Dans la forêt de chaîne, Il appersut un écuereil sotillan atravair le feuillage : une grive, un rocignol… le cicliste ravie saventurait dans une terre inconnut… (GR, 21-X-2010, 6eB, 09/60)

il aperçut un écureil sautilliant au millieu des violette, aussi que plusieurs oiseau à travers : une grive, un rosignole (MG, 21-X-2010, 6eB, 06/60)

Extraits des copies de la classe de 6eC :

paul fonsée en direction du bois, admirant le paysage de campanée au crepiscul, dans la forèt de chenne, il a percie un equirreille sotiant au millieu de, unsi que plusieurs oieau attraver le feuillage. le cycliste étè ravie de s’aventure dans une tèrre inconnie, mais segarra… (…) il frena brisquement devant une vipeur qui se frauta sur sa rou puis, crentuve glisa rappidement sur le tappie feuille le serpent disparut le visage de paul soue sur son casque se main reste crisppé sur le poinye du guydon... (F.N. 6eC, 3-XI-2010, 0/60)

Paule foncer en direction du bois, admirent le paisage de camgne au crépustule. Dans la forêt de chaîne, il aperçu un écureille sotillent au millieu des voillette, ainci que plusieur oiseau… (NG, 6eC, 3-XI-2010, 0/60)

Dans la forêt de cheine, il aperçu un écureille sotillant omilieu des violet, inssi que plusieur oiseaux atraver le feuillage (…) le cyclyse était ravi de savanturée dans une terre inconu mais ségara sans apporter de carte… (MT, 6eC, 3–XI-2010, 0/60)

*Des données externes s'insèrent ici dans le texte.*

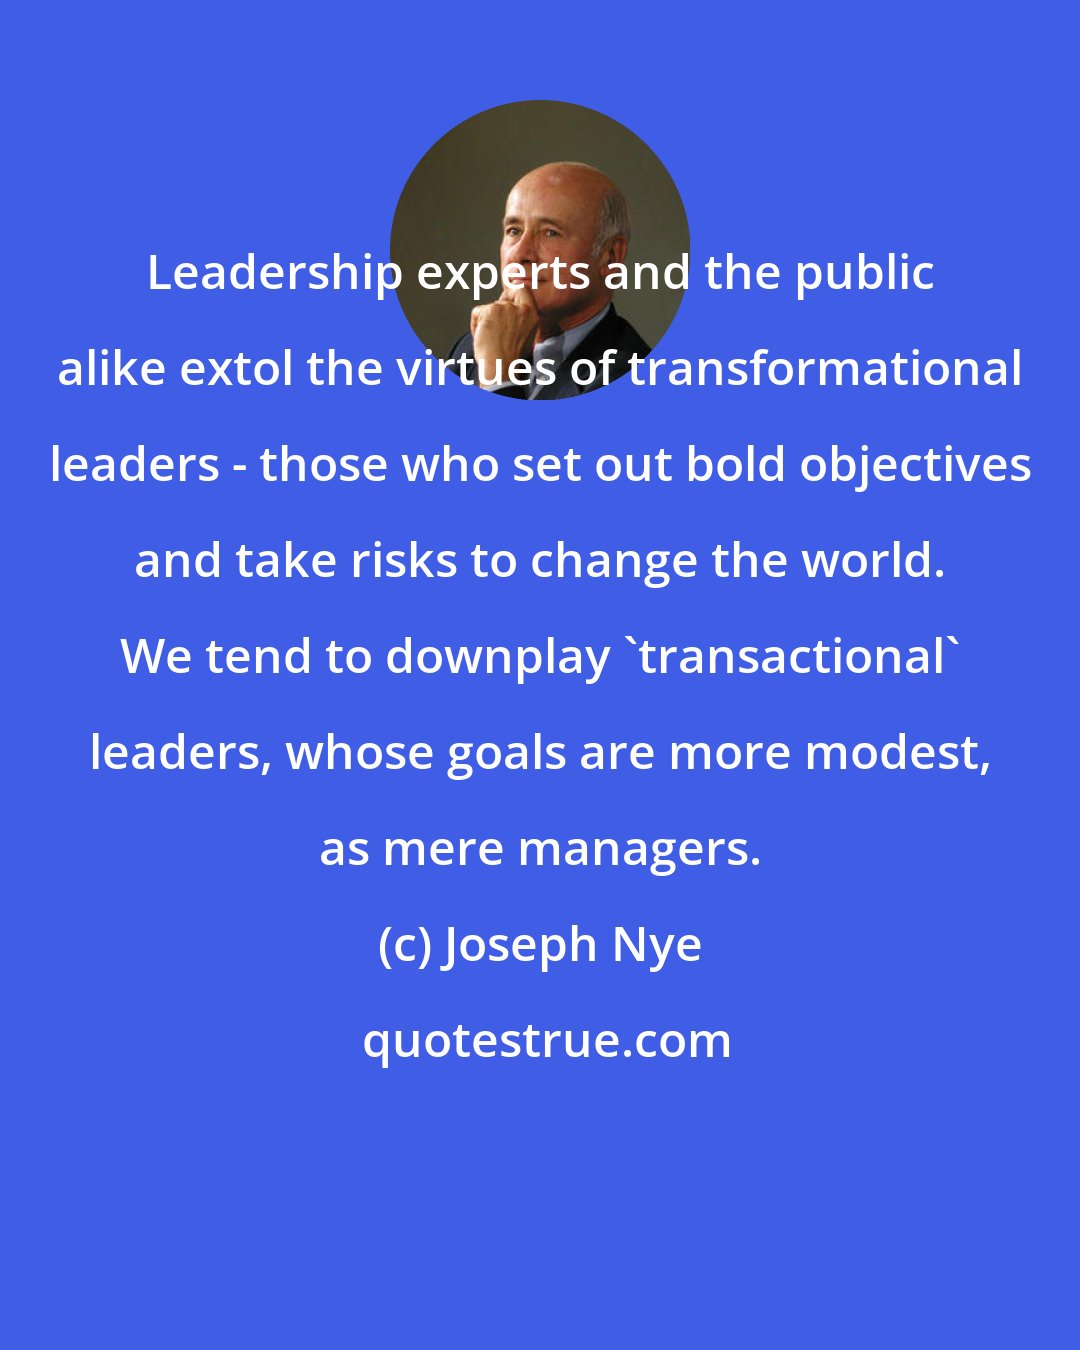 Joseph Nye: Leadership experts and the public alike extol the virtues of transformational leaders - those who set out bold objectives and take risks to change the world. We tend to downplay 'transactional' leaders, whose goals are more modest, as mere managers.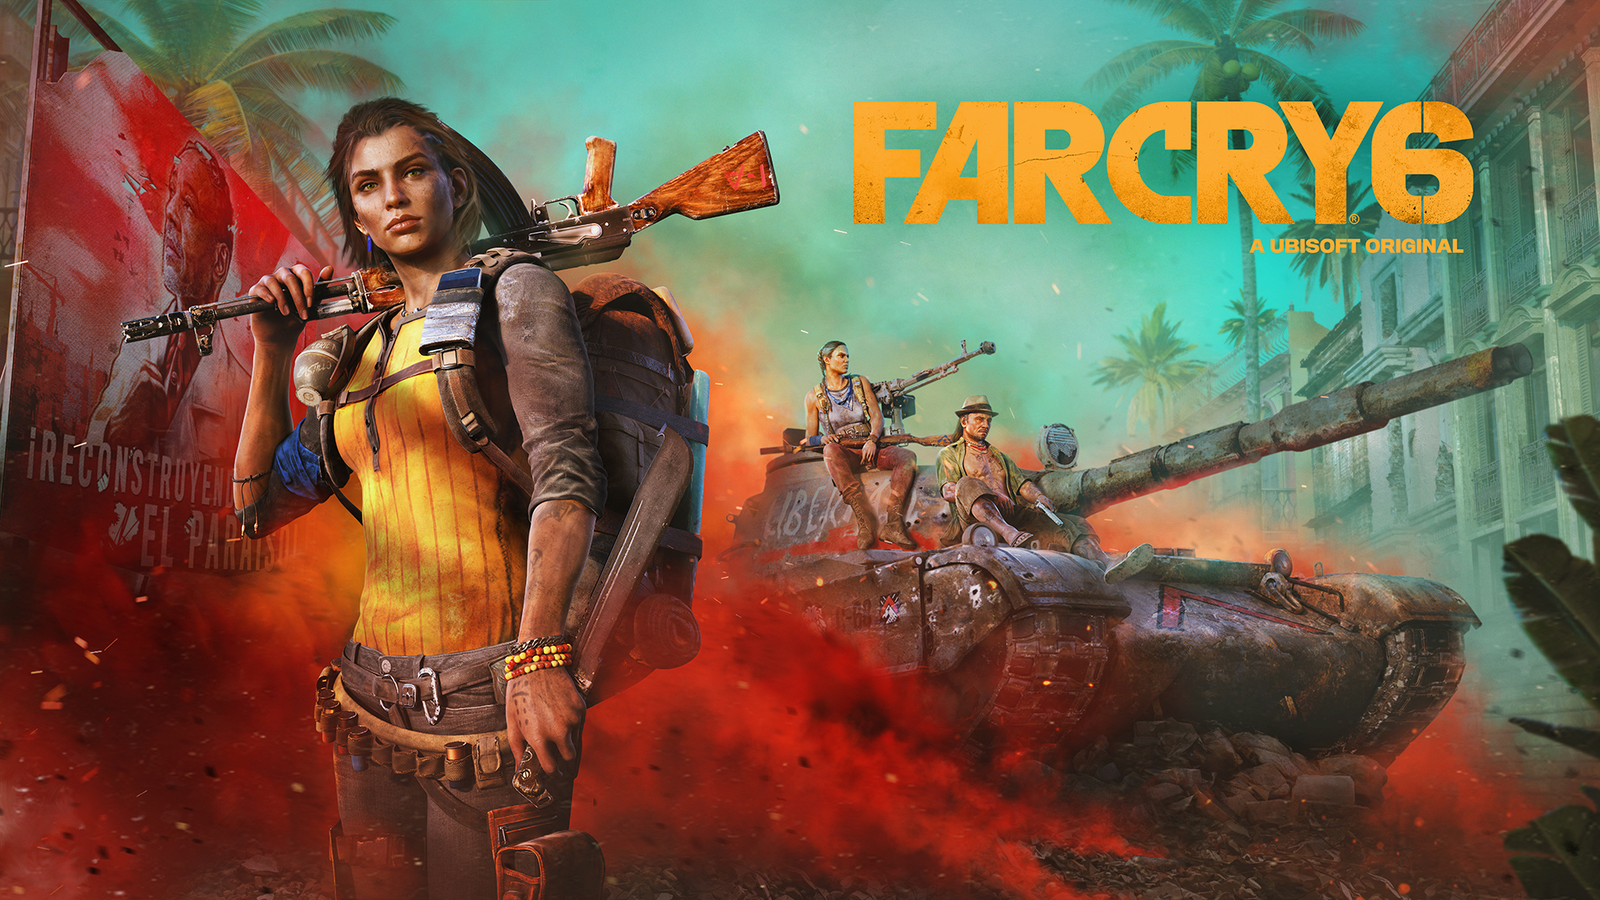 Far Cry 6: Lost Between Worlds - Xbox One, Xbox Series X

Paul fonssait en direction du boi, admirent le paysage de cempagne en crépuscule. Dans la forêt de chaîne, il aperçut un écureuille sotillan au millieu des violettes ainssi que plusieurs oiseau a travèr le feuillage : une grive, un rosignol… Le sicliste (…) frena brusquement devant une vipaire qui se frota contre sa rout puis craintife, gliça rapidement (…) (DN, 6C, 3-XI-2010, 03/60)

Il aperçut un éccureuille sotien au millieu des voilettes, inssie que plusieur oiseaux a travére le feuillages (AK, 6eC, 3-XI-2010, 03/60)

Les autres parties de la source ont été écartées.